---- Data section

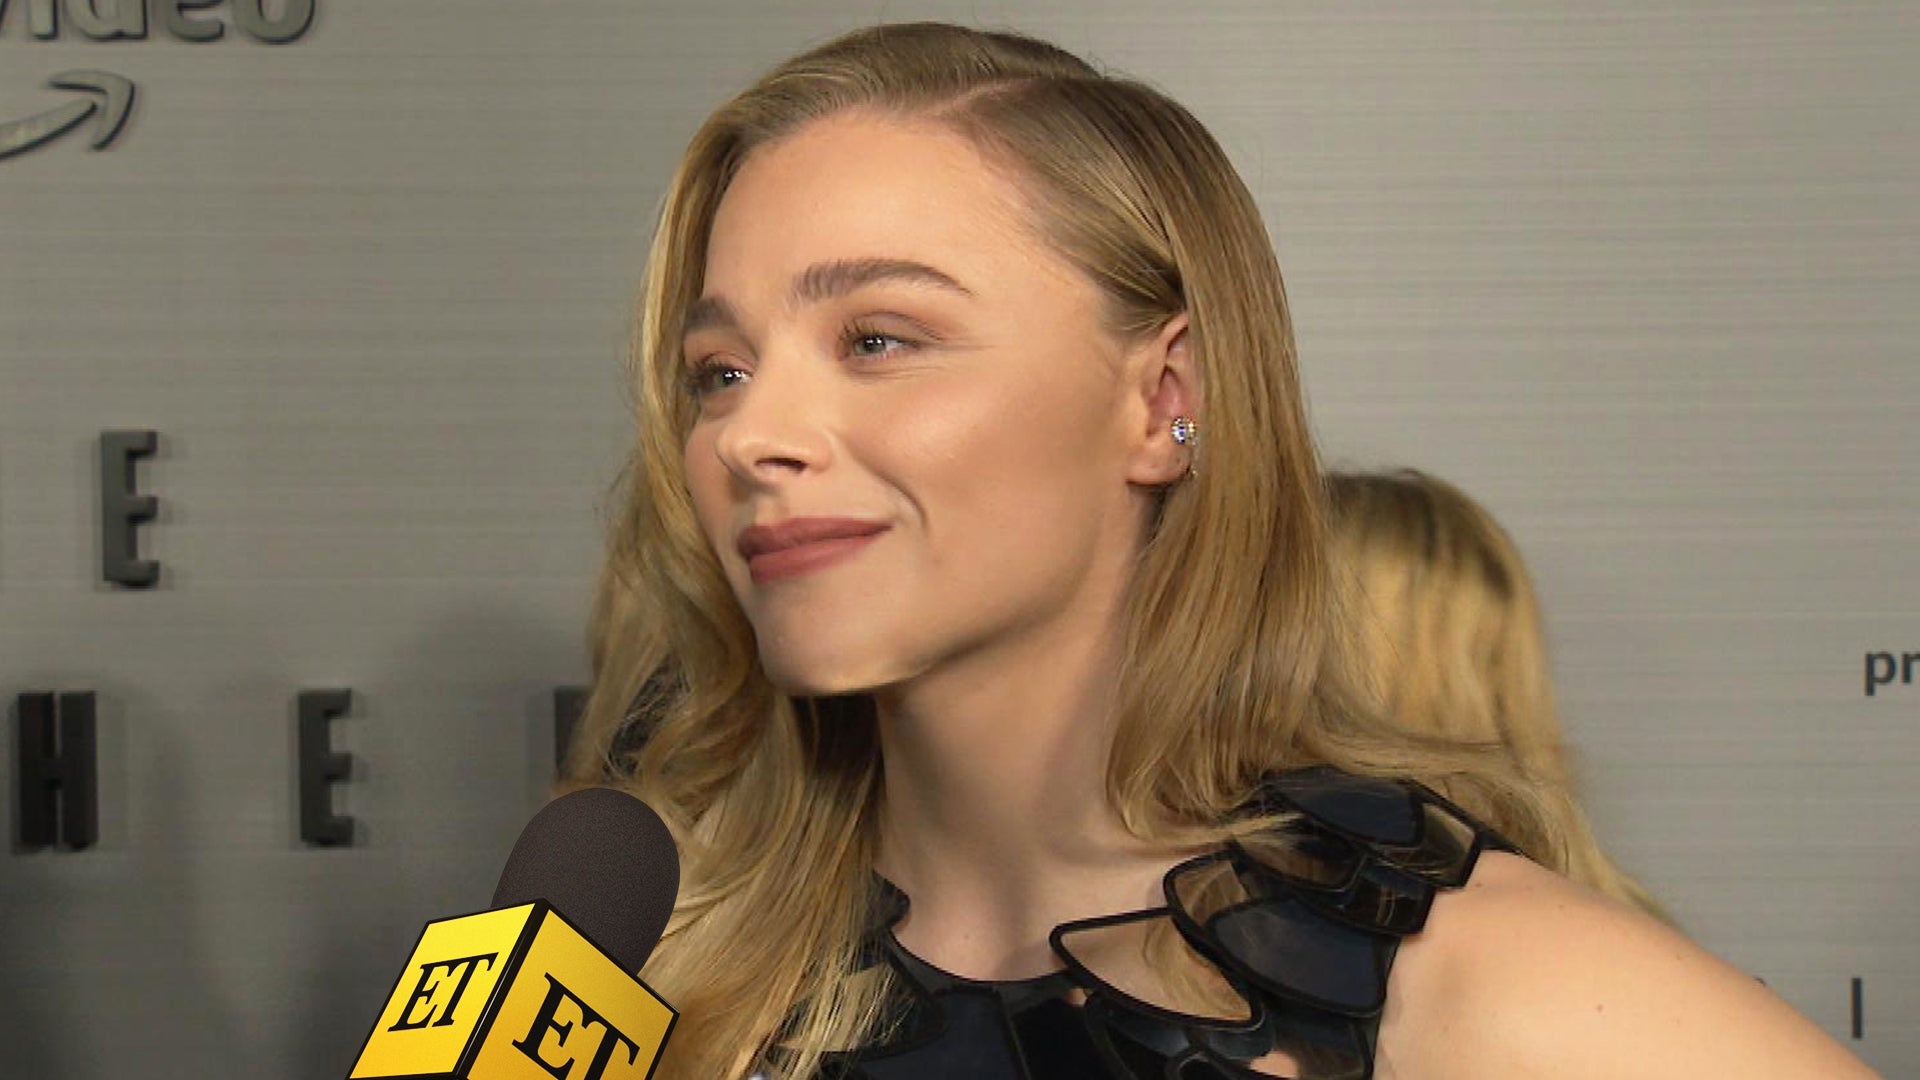 Chloe Grace Moretz says Family Guy meme affects her to this day
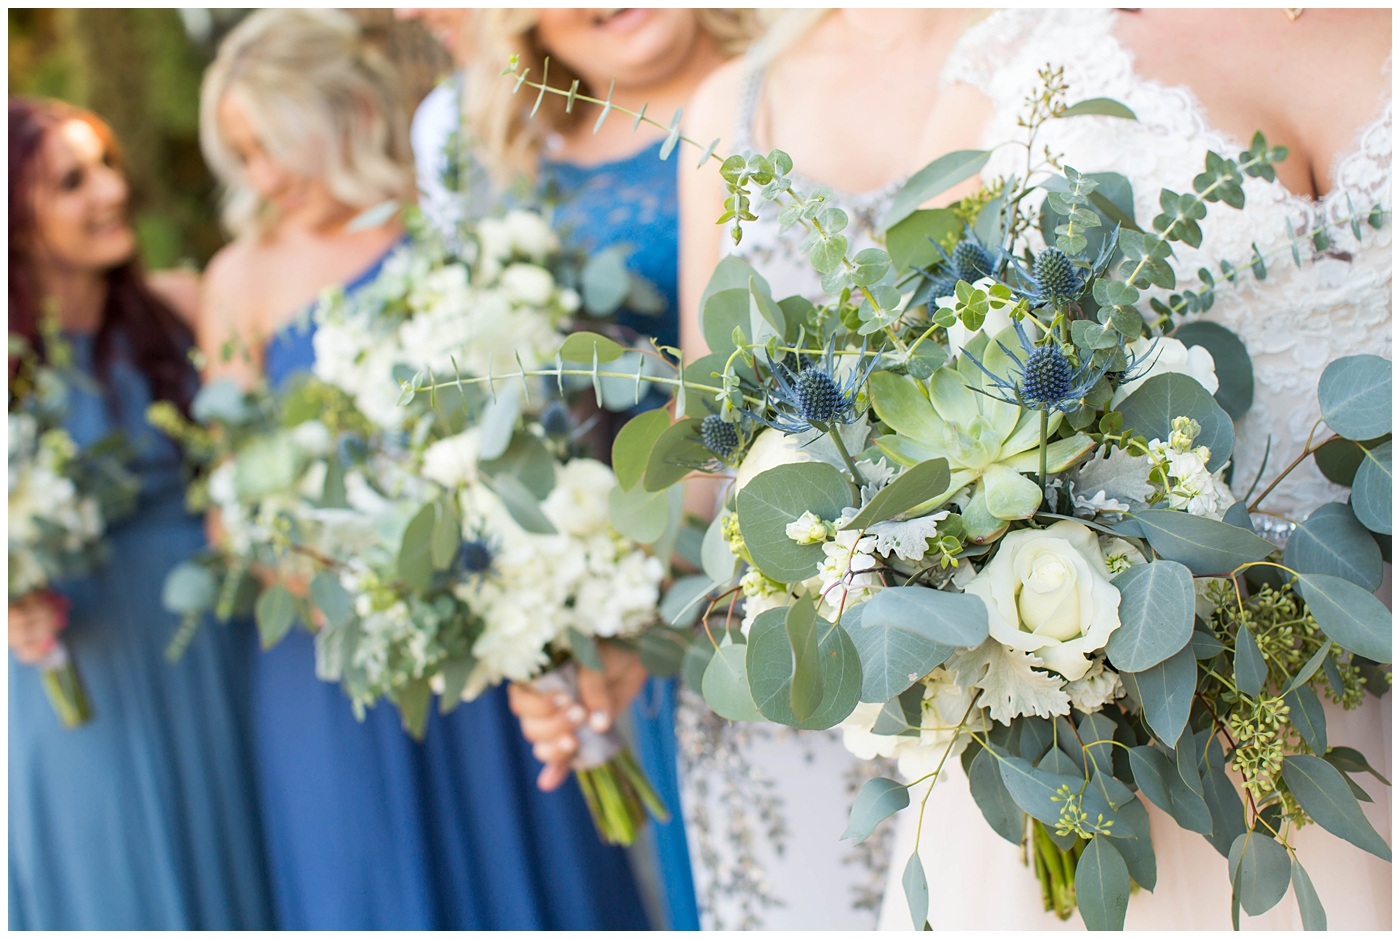 Wedding bouquets with succulents and greenery
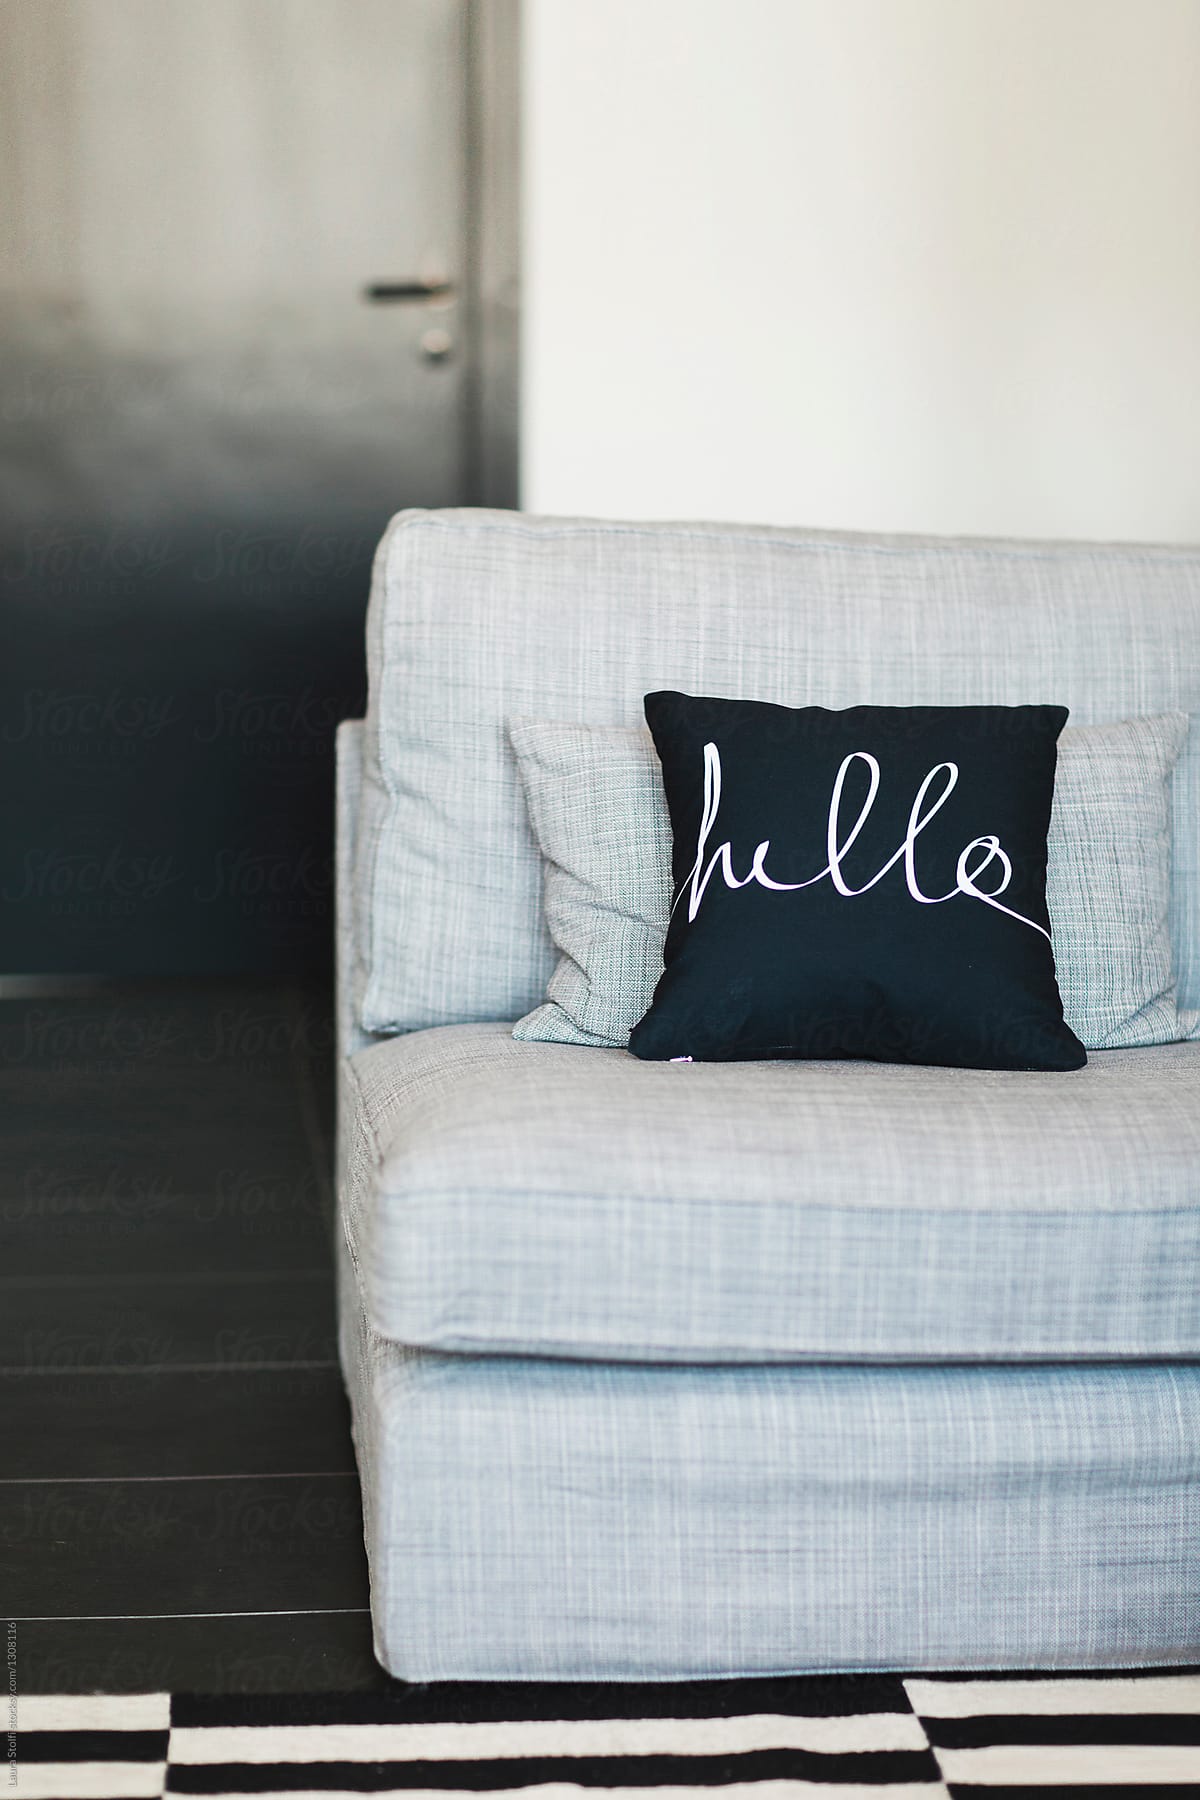 Cushion spelling the word Hello on sofa

--------

• _What needs to be done_
Only an exact copy of the lines from the one with "Wedding bouquets with" through the last line of the listing should be given; pictures must not be included.

• _Answer for the task_
 Wedding bouquets with succulents and greenery
 Cushion spelling the word Hello on sofa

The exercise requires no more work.